Mike’s heart achieved a lightness he hadn’t thought possible an hour ago at the promise and acceptance implicit in that statement.
“You’re not the only one who confused control with protection and love.”
That’s what he’d been doing with Indi from the moment she’d come back into his life. He’d been so afraid of losing her, of waking up to find her gone—again!—that he’d done the same thing his father had; he’d pushed and pushed until he’d pushed her away.
But he wasn’t done. He loved her and Nugget and he knew she loved him. And like he told her last night, it wasn’t in his nature to give up.
Robert stood and rounded the counter to grab another glass from the cabinet. He poured a finger of Scotch into both
and lifted his glass, his eyes fixed on Mike’s. “In case it’s not clear, I’m proud of the man you’ve become. Congratulations on the new addition to our family. I’m happy for you.”
Mike touched his glass to his father’s, the clink signaling the dawn of their new relationship. And just in time.

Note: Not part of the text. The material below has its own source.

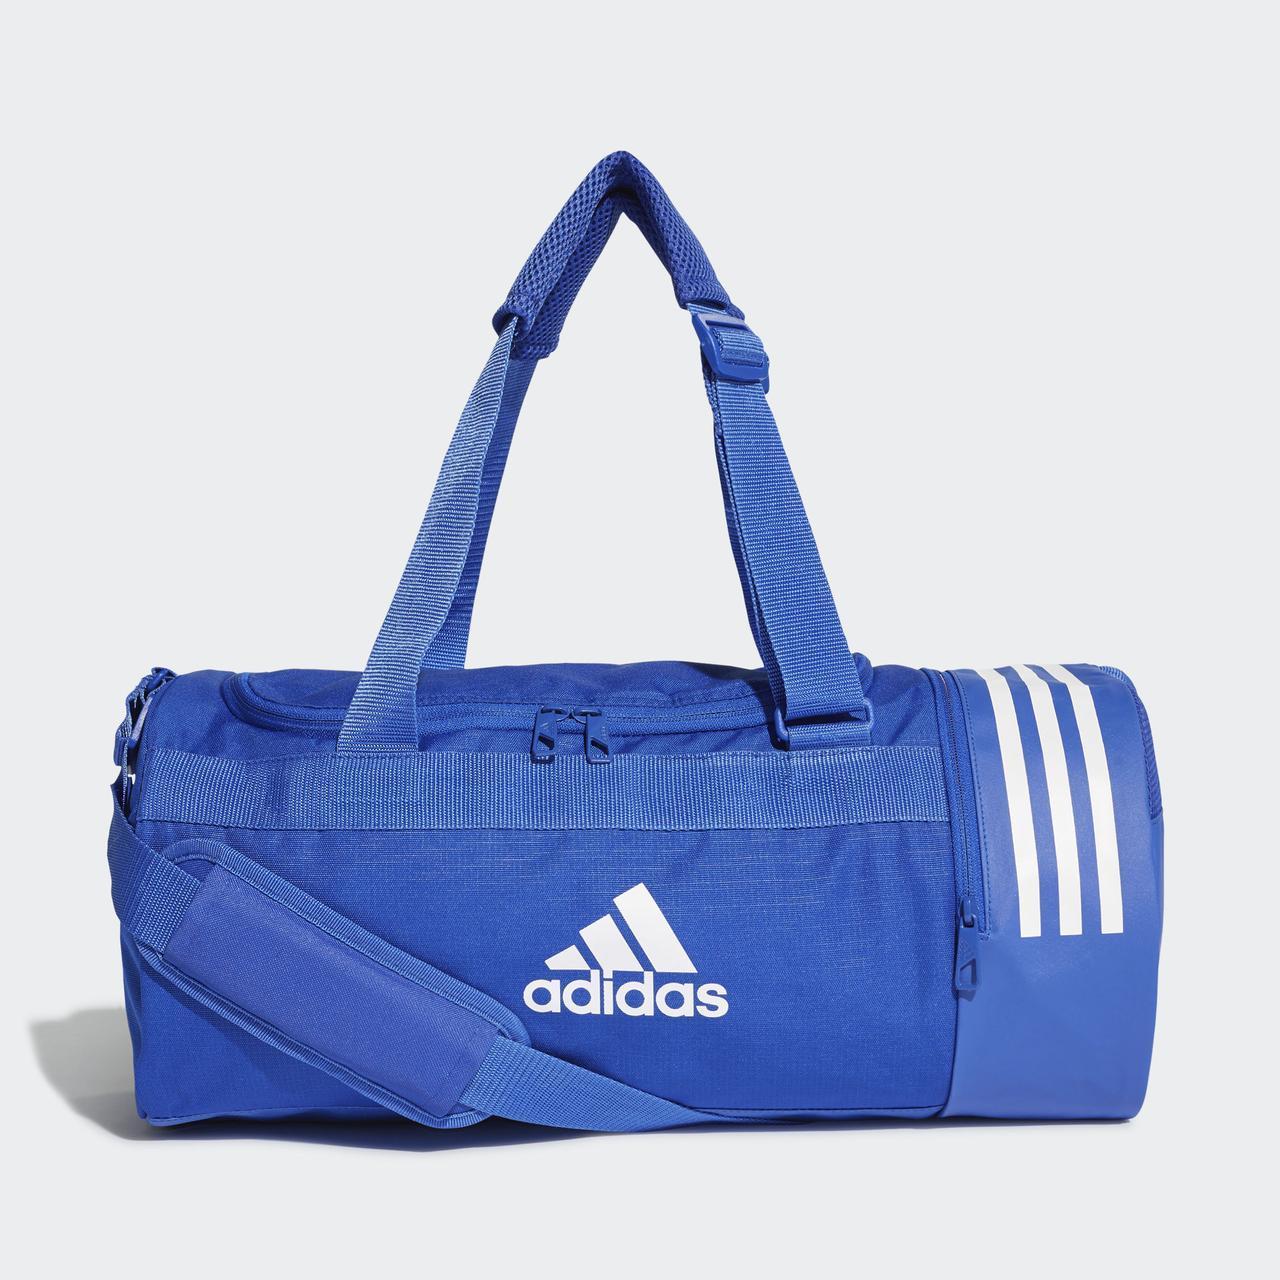 8ed5e582a71c Спортивная сумка-трансформер Adidas Convertible 3-Stripes DT8646 - 2019

His smile contorted into a grimace. “While I look forward to no more lectures, I have a feeling I’ll be calling on you for advice. Often.”
Robert finished his drink and sat his glass on the counter. “I can’t wait. But despite all the books and all the advice, it’ll come down to doing what you think is right. And you’ll be great at that.”
Chapter Twenty-Four
I NEVER THOUGHT I’d see the day when the adventurous India Shaw would let fear get the best of her.
Even the crisp beautiful morning on the wraparound patio of Adam and Chelsea’s apartment in San Francisco couldn’t mute Mike’s refrain.
And she wanted to. She needed to. She’d spent the past thirty-six hours in a vicious cycle of crying and sleeping, with some occasional vomiting thrown in.
Damn hormones.
She’d awakened a little while ago and instead of rolling over into the fetal position to commence le pity party, part deux, she’d forced herself to shower and get dressed in yoga pants and a T-shirt. She’d grabbed a throw from the sectional in the living room and headed out to enjoy the air and the magnificent view.
The glass door opened and Chelsea stepped out carrying a tray. “Are you feeling better?”
“If you don’t count the sand in my eyes, the rocks in my throat, and the slight nausea in my belly, I’m peachy keen.”
“I can help with the nausea.”
Chelsea sat the tray on the side table and handed her a cup. “It’s peppermint tea. And be careful, it’s hot. There are saltines if you want to put something in your stomach.” Chelsea sat down on the end of the lounger, pulling Indi’s feet into her lap. “How about I paint your toenails?”